Microsoft recently made the beta version of Office 2010 available. We answer your burning questions regarding the productivity suite.
The preview, which is not limited to a certain number of users, is free to use and won't expire until October 31 next year.
So where can you get your hands on Office 2010, how do you install it, what do you need to run it, and how do you get rid of it if it's a can of worms?
Fear not, we've answered these and your other burning questions.
When can I download the Office 2010 beta?
That's easy: now. Microsoft rolled out the beta during a keynote at its Professional Developers Conference (PDC) last week.
Where do I get it?
The public download is available from a dedicated page on Microsoft's website
Office 2010, by the way, is the first Microsoft suite to be offered in both 32- and 64bit versions. Choose the version that fits your operating system.
You can check to see whether you have a 32bit or 64bit edition of Windows 7 by clicking the Start button, then clicking Control Panel and System Maintenance.
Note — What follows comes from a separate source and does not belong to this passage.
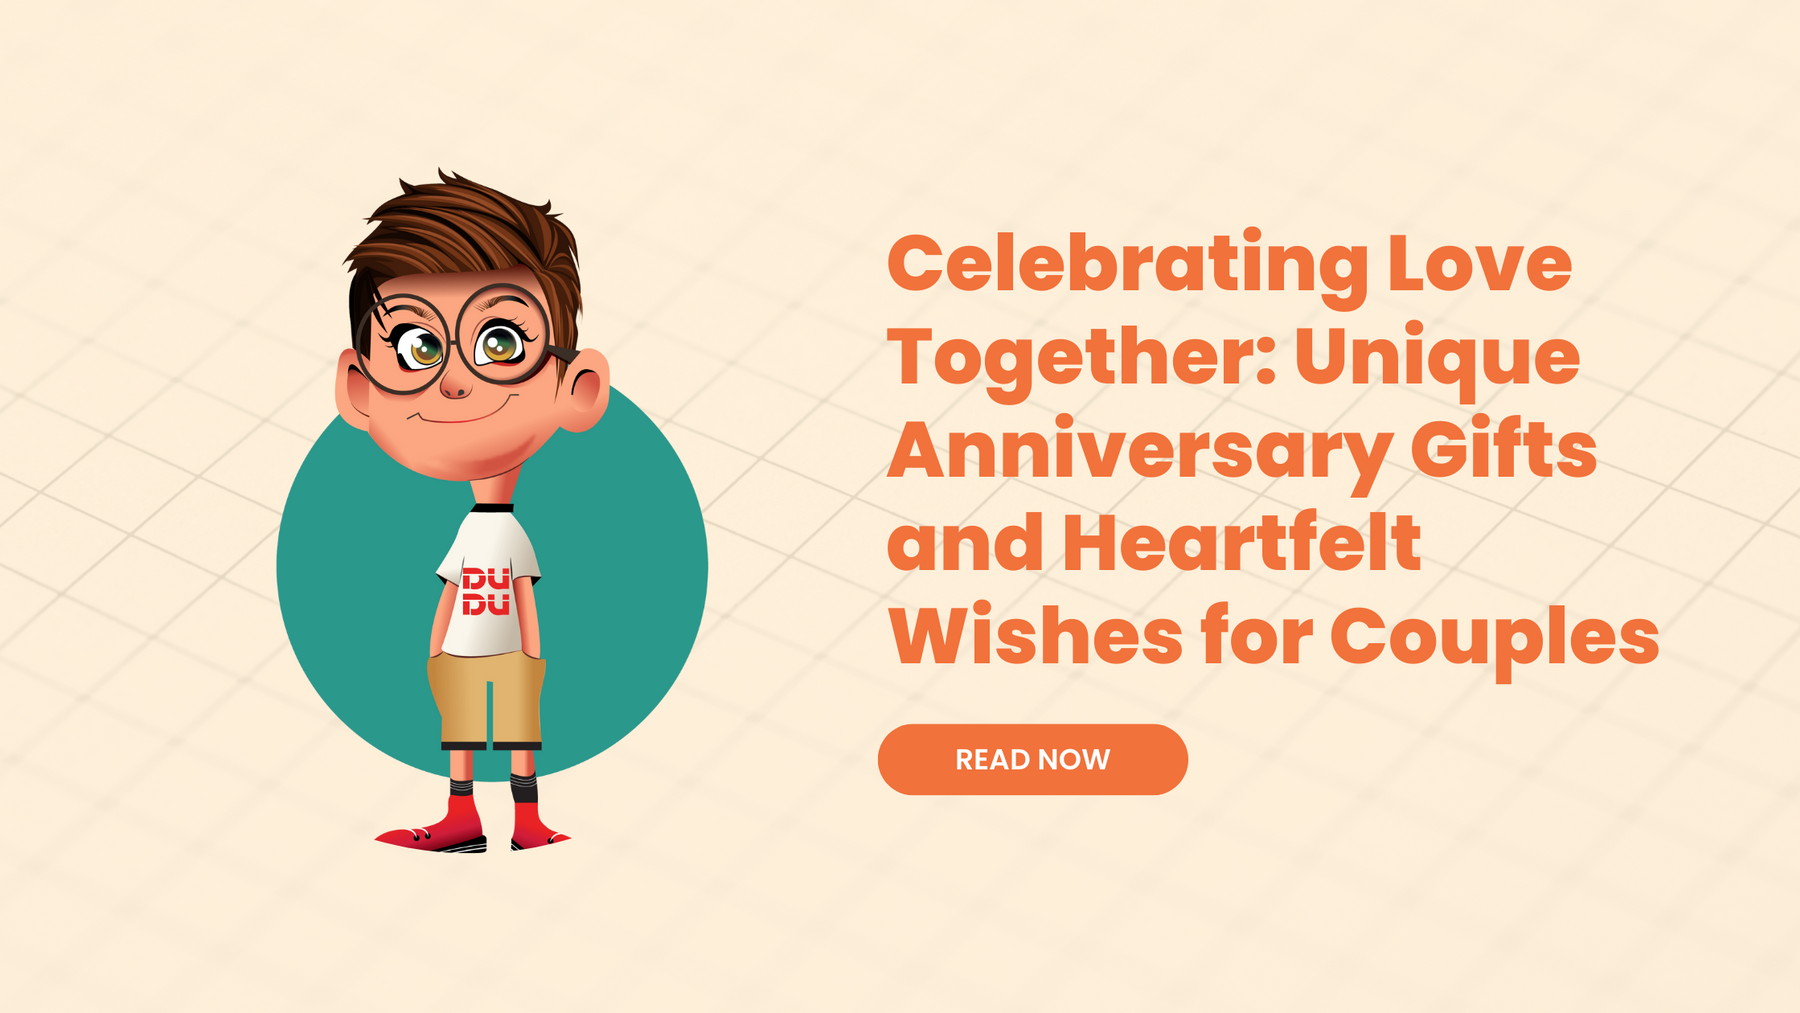 Celebrating Love Together: Unique Anniversary Gifts and Heartfelt Wishes for Couples

Click System.
Follow the instructions here for checking Vista and XP.
Is Microsoft limiting who can download the beta, like it did with the Technical Preview, or the number of people who can have it?
No, there is no numerical cap on the number of downloads for Office 2010.
It's unclear whether Microsoft will set a time limit on Office 2010 Beta, as it did for Windows 7 Release Candidate (RC) last summer.
"I'm not sure if we have a specific plan to shut off availability at some point," said Takeshi Numoto, the corporate vice president for Office.
Microsoft does plan, however, on making sure "millions and millions" of users are able to download and try the preview, Numoto added.
What edition of Office 2010 is the beta?
At the November 18 debut, the version offered everyone was Office Professional Plus 2010, the everything-and-the-kitchen-sink collection.
That's odd, even ironic, since Professional Plus is the feature-laden edition that will be available only to enterprises and organisations that purchase licenses in volume when the final ships next year.
Professional Plus includes Word, Excel, Outlook, PowerPoint, OneNote, Access, Publisher, InfoPath, SharePoint Workspace - formerly called Groove - and Communicator.
Earlier on the Office 2010 Beta site, Microsoft had listed three different versions that would be made available to users: Professional Plus, and the to-be-sold-at-retail Office Home and Business, and Office Professional.
So, what happened to the other versions?
Why aren't they part of the beta? Microsoft's Numoto said the company still plans to offer versions other than Professional, but wouldn't say when.
"We'll make additional offerings after today," he said, getting only as specific as "fairly shortly".
If Microsoft comes through on that promise, it will end up delivering three of the five editions of Office during the beta.
A trio will be sold at retail - the low-end Office Home and Student, as well as Office Home and Business and Office Professional - while two Office Standard and Office Professional Plus, will be sold only to volume licensing customers.